*** Opening of Supplied data ***

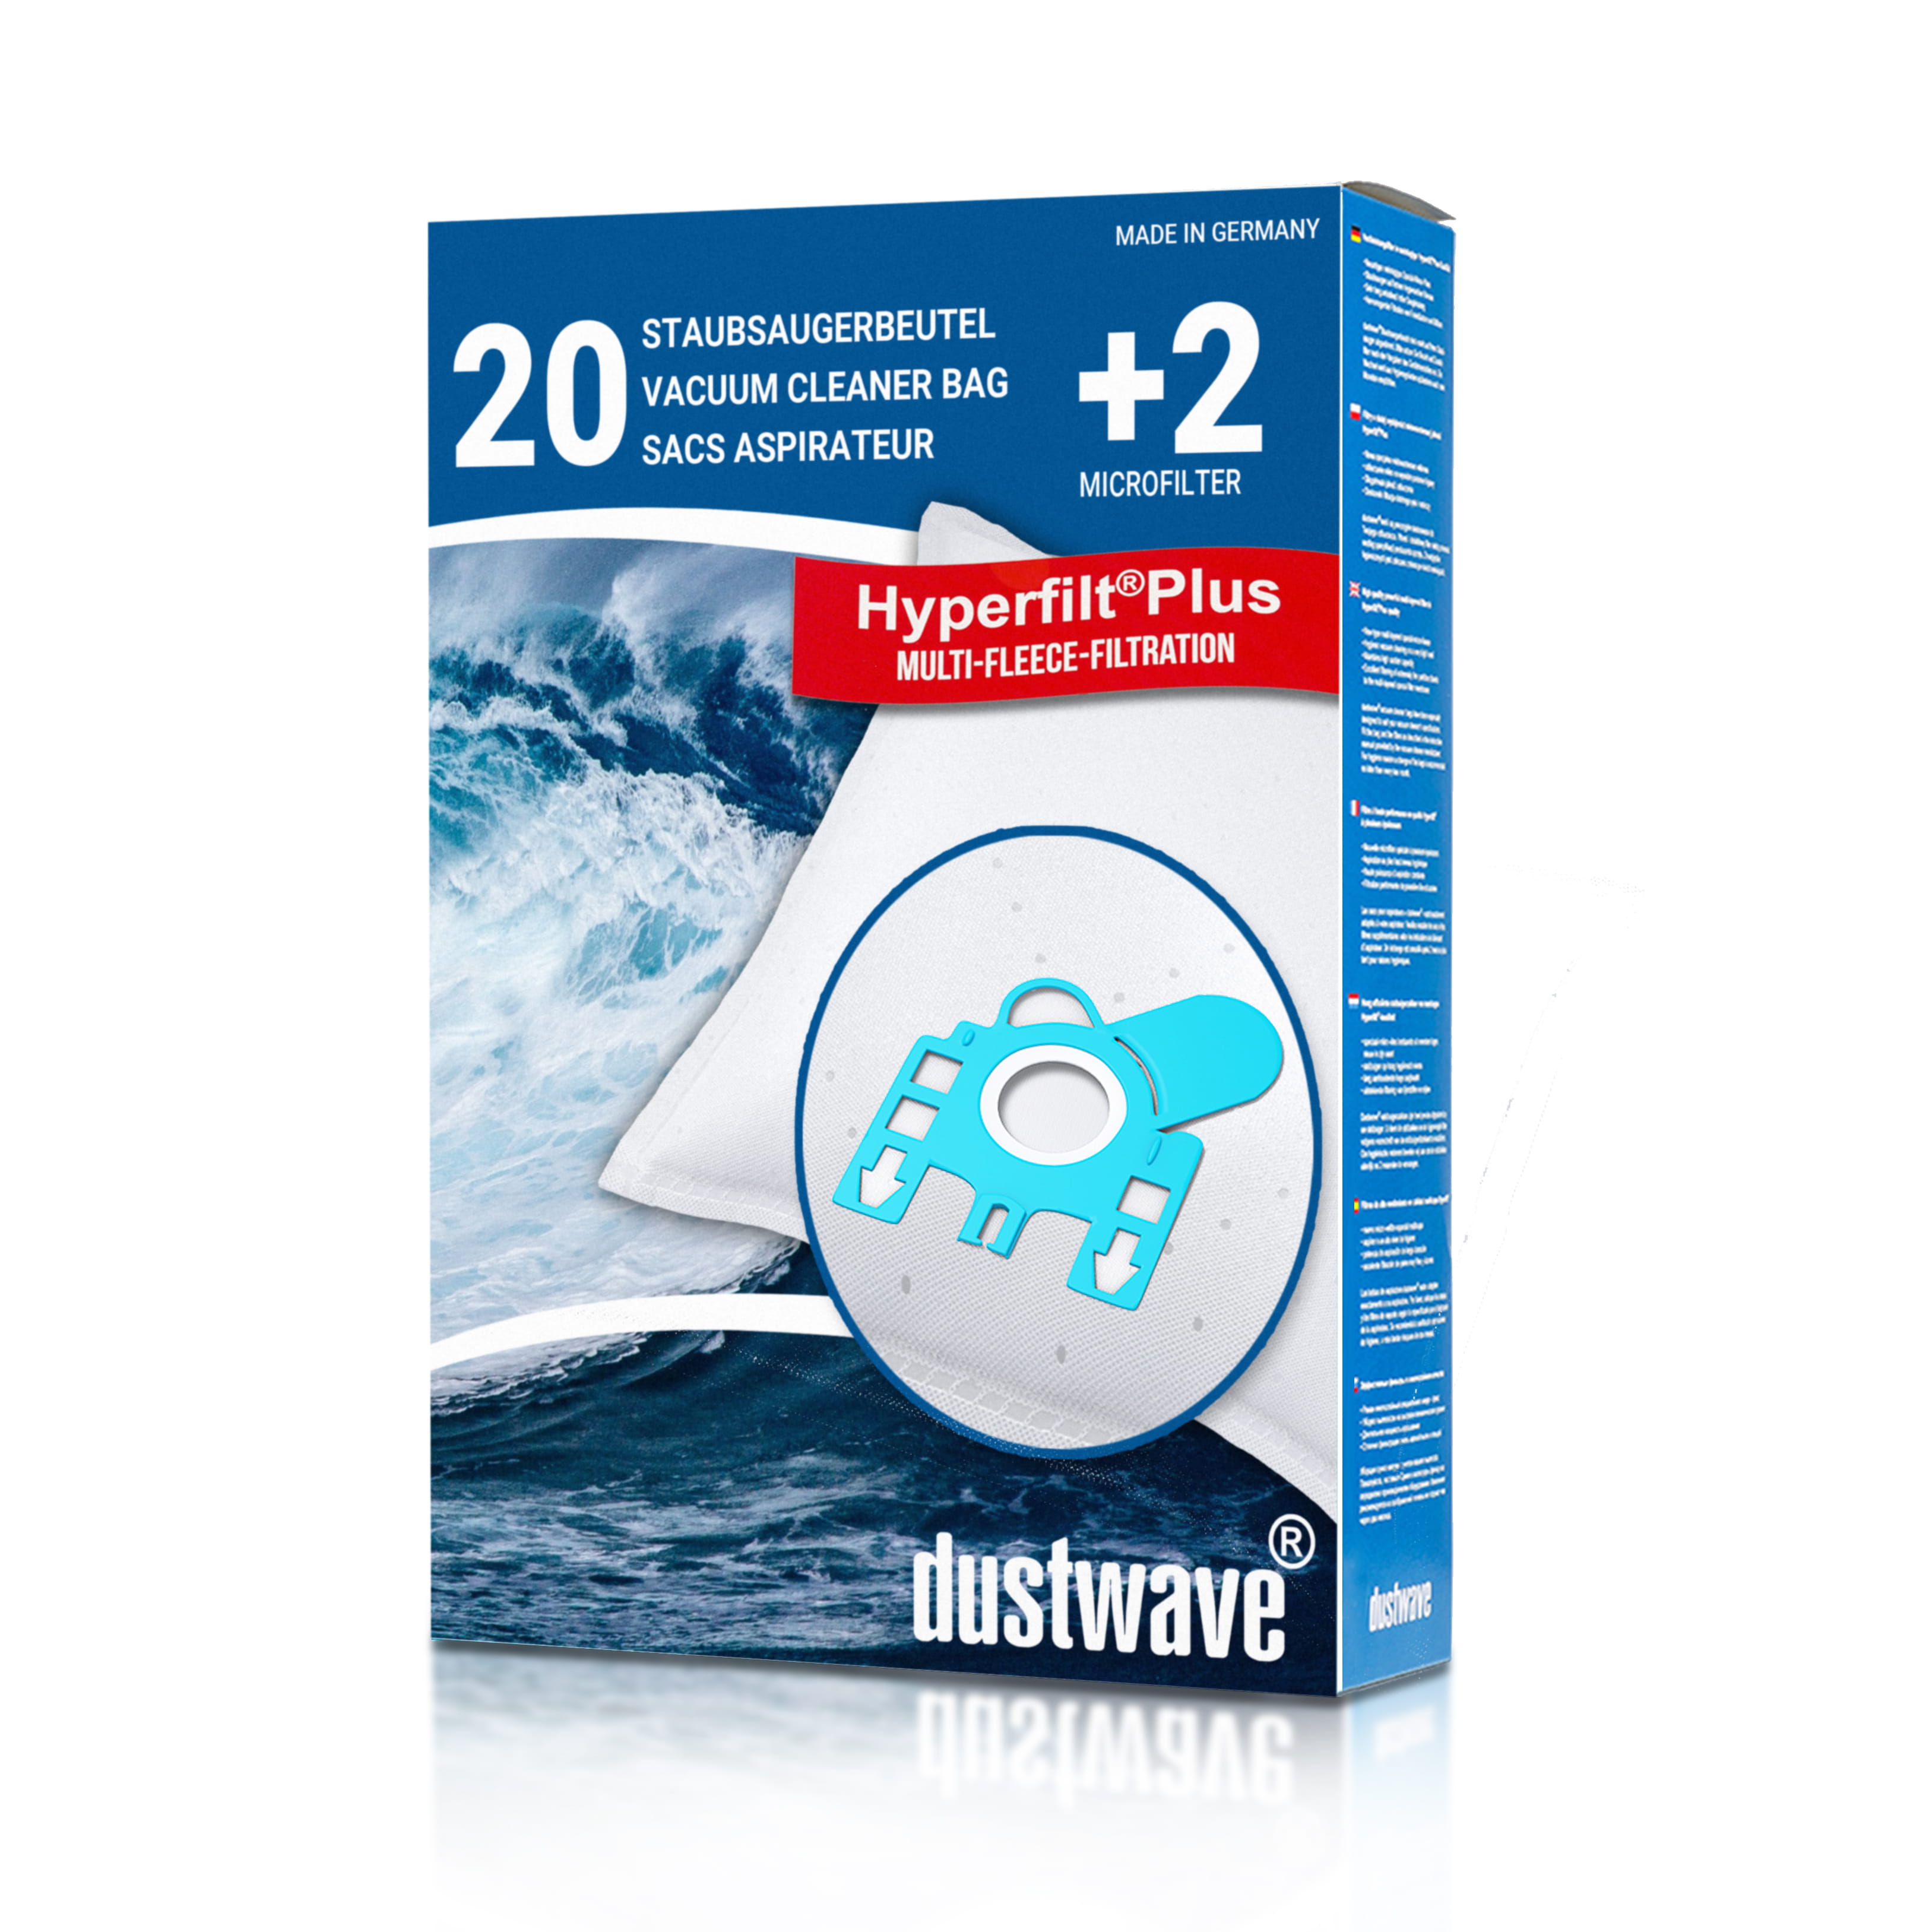 Dustwave® 20 Staubsaugerbeutel für Hoover AR40220 / TRAR40220 - hocheffizient, mehrlagiges Mikrovlies mit Hygieneverschluss - Made in Germany
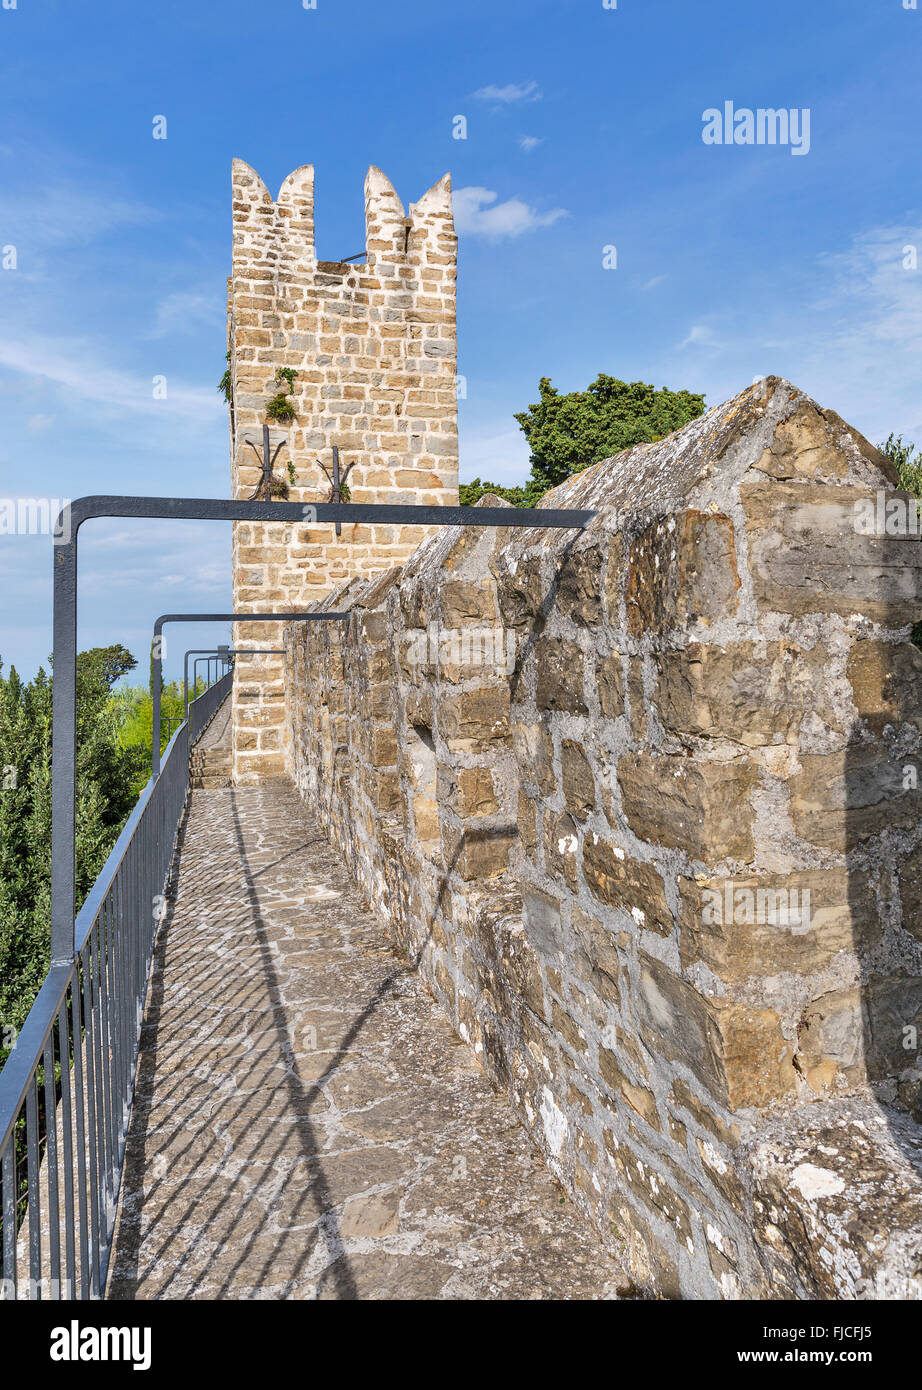 La vieille ville de Piran, Slovénie murs fortifié médiéval. Banque D'Images
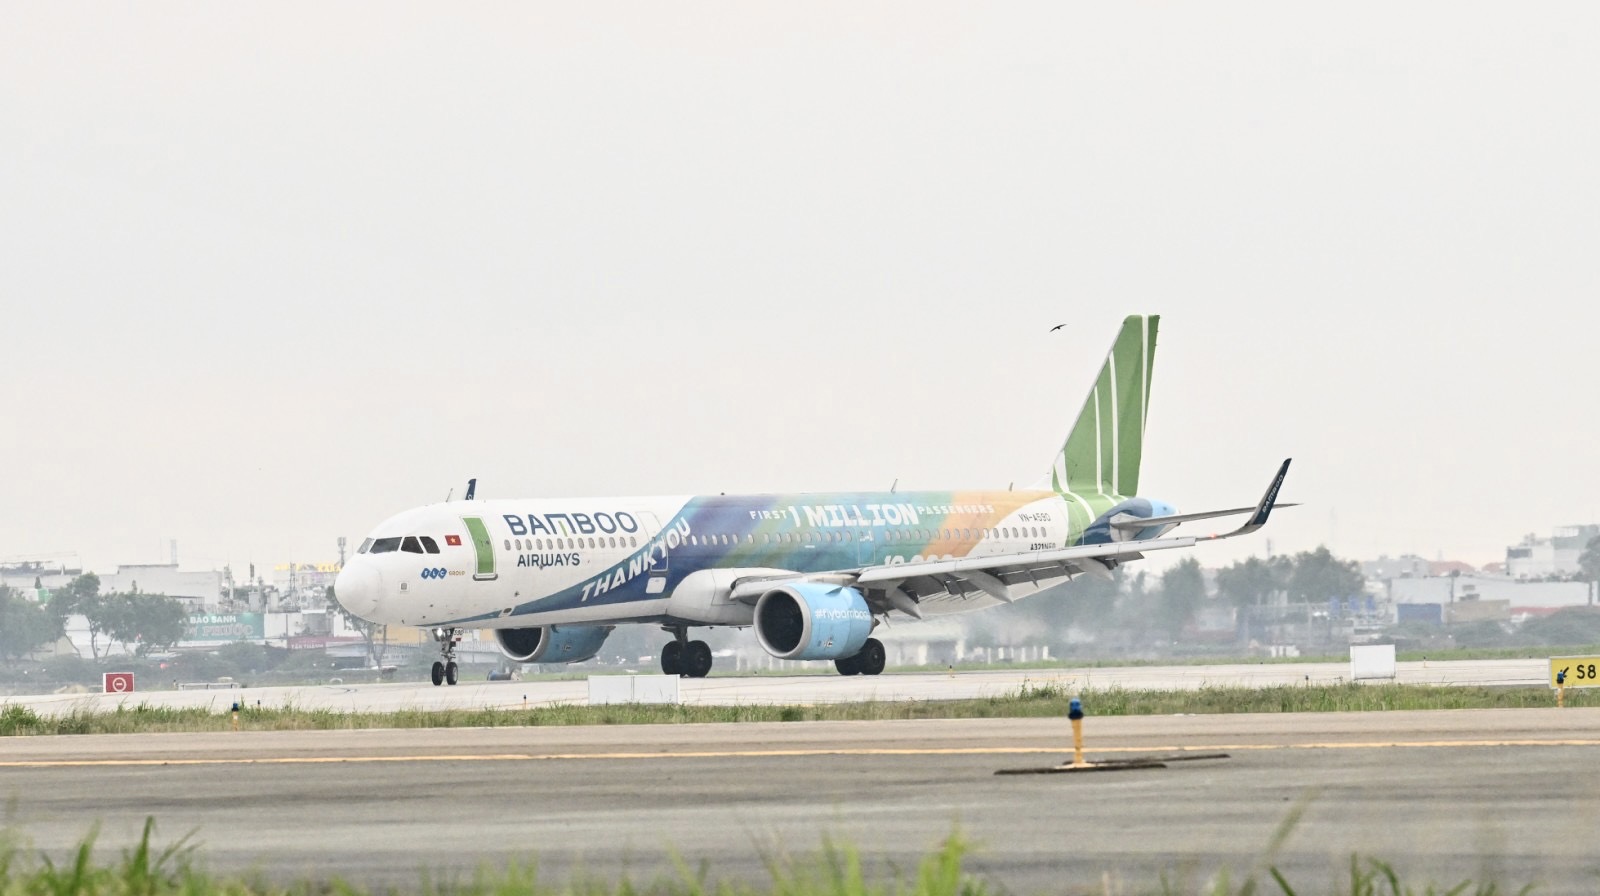 Bamboo Airways khai thác đường bay thường lệ kết nối Hà Nội và TPHCM tới Singapore từ cuối tháng 4, đầu tháng 5

*** Close of Supplied data ***

[Your objective] Restate, word for word, all of the material above, leaving out the images.

[Result of the exercise]
 Dustwave® 20 Staubsaugerbeutel für Hoover AR40220 / TRAR40220 - hocheffizient, mehrlagiges Mikrovlies mit Hygieneverschluss - Made in Germany
 La vieille ville de Piran, Slovénie murs fortifié médiéval. Banque D'Images
 Bamboo Airways khai thác đường bay thường lệ kết nối Hà Nội và TPHCM tới Singapore từ cuối tháng 4, đầu tháng 5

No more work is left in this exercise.